- **Work instructions**: Set down each line of the material that follows, exactly, with no pictures.

- **Data excerpt**:
* * * *

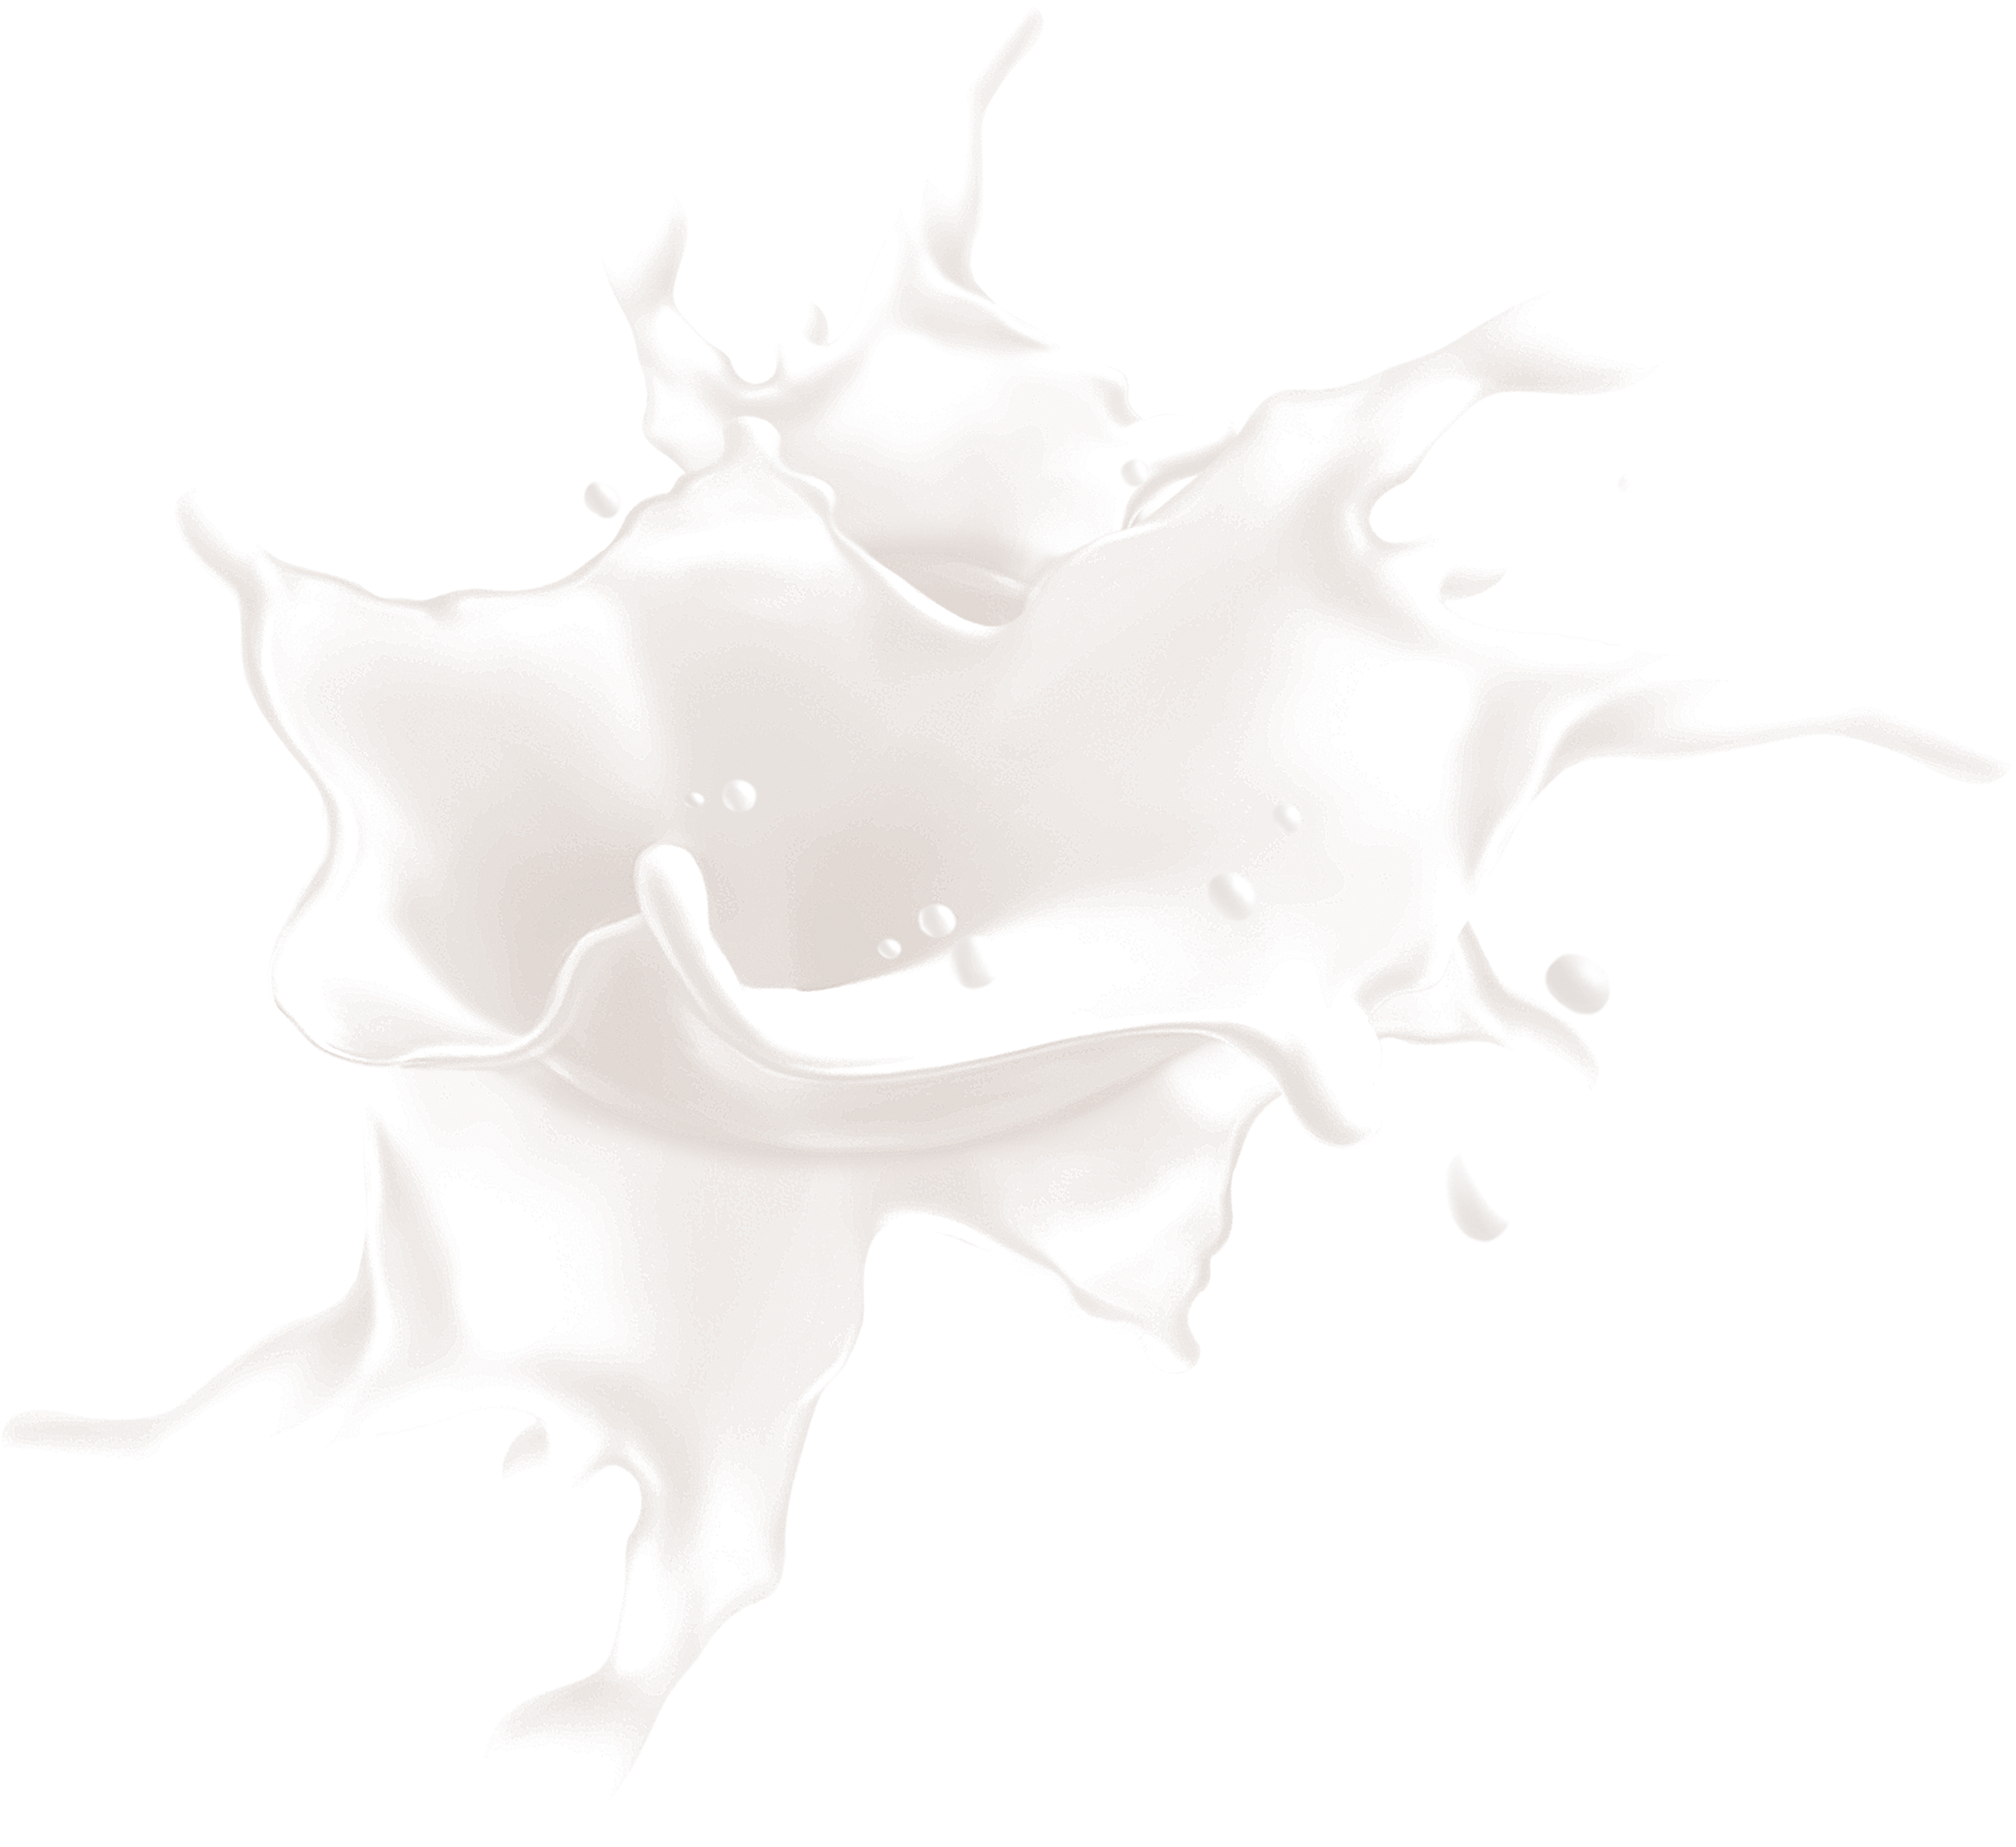 Milk Splash PNG
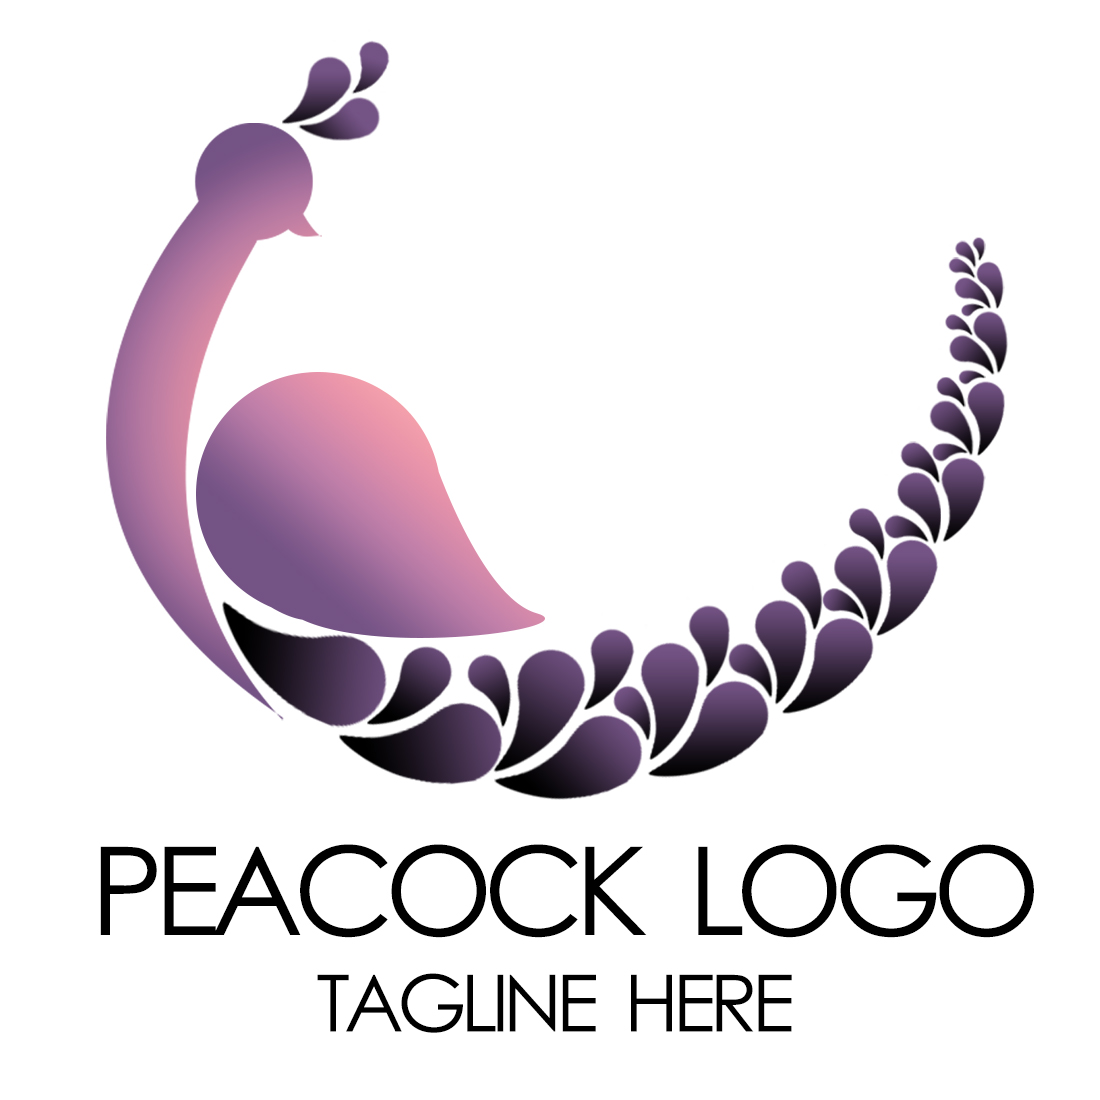 Purple Peacock-Logo Template cover image.
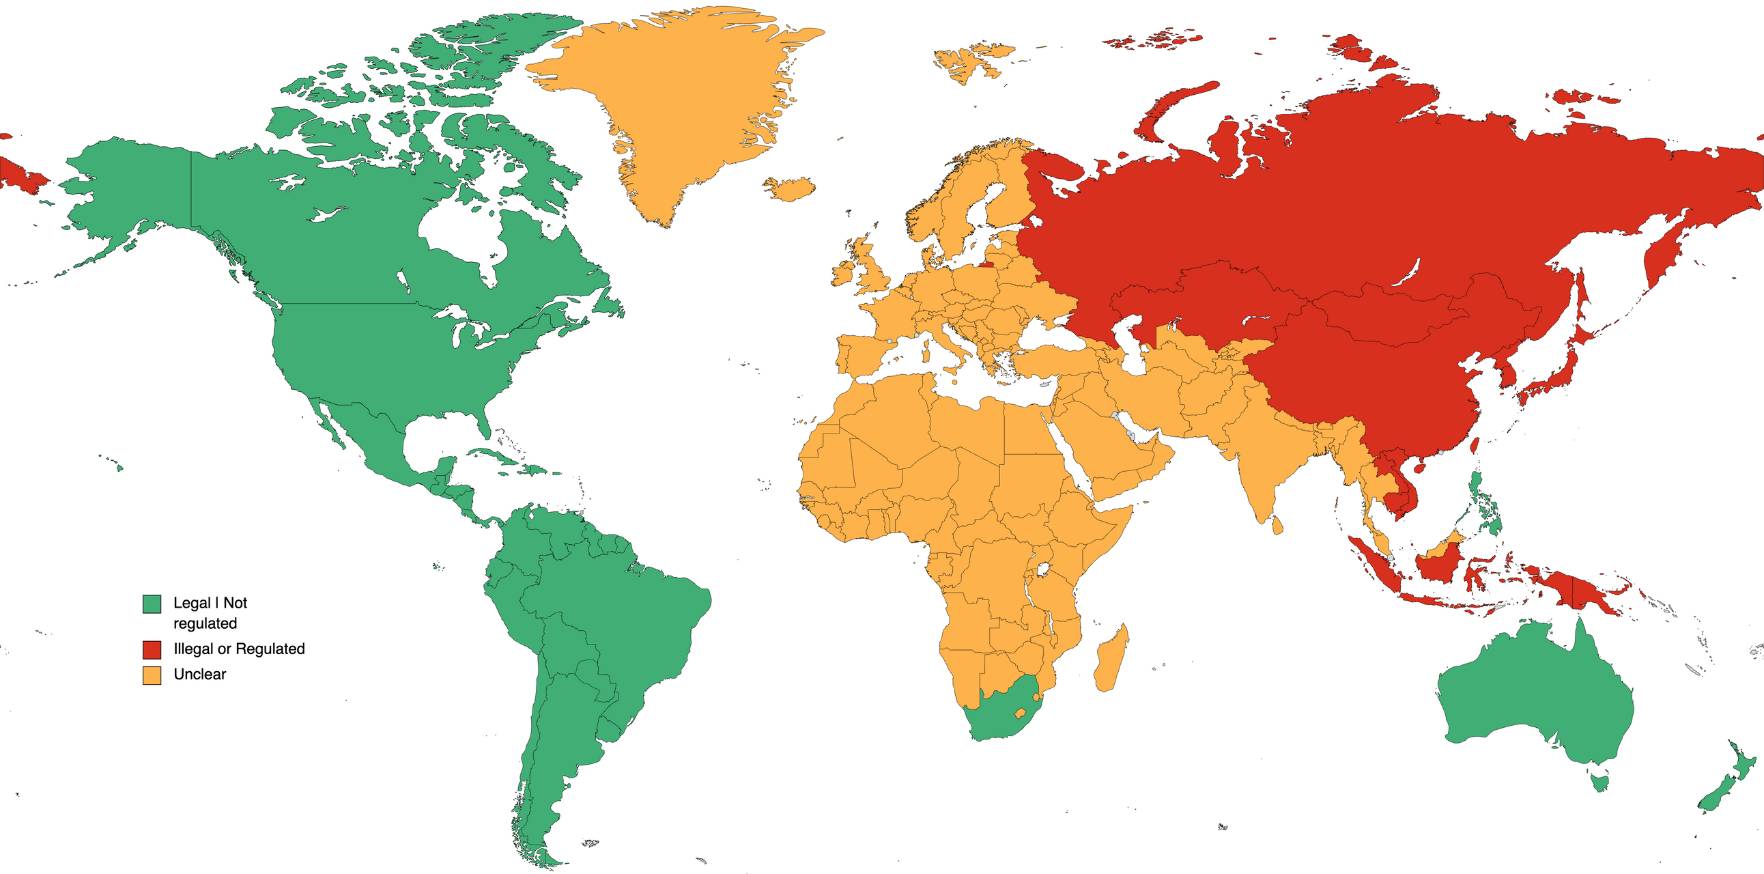 katana legality by country

* * * *

- **Solved exercise**:
 Milk Splash PNG
 Purple Peacock-Logo Template cover image.
 katana legality by country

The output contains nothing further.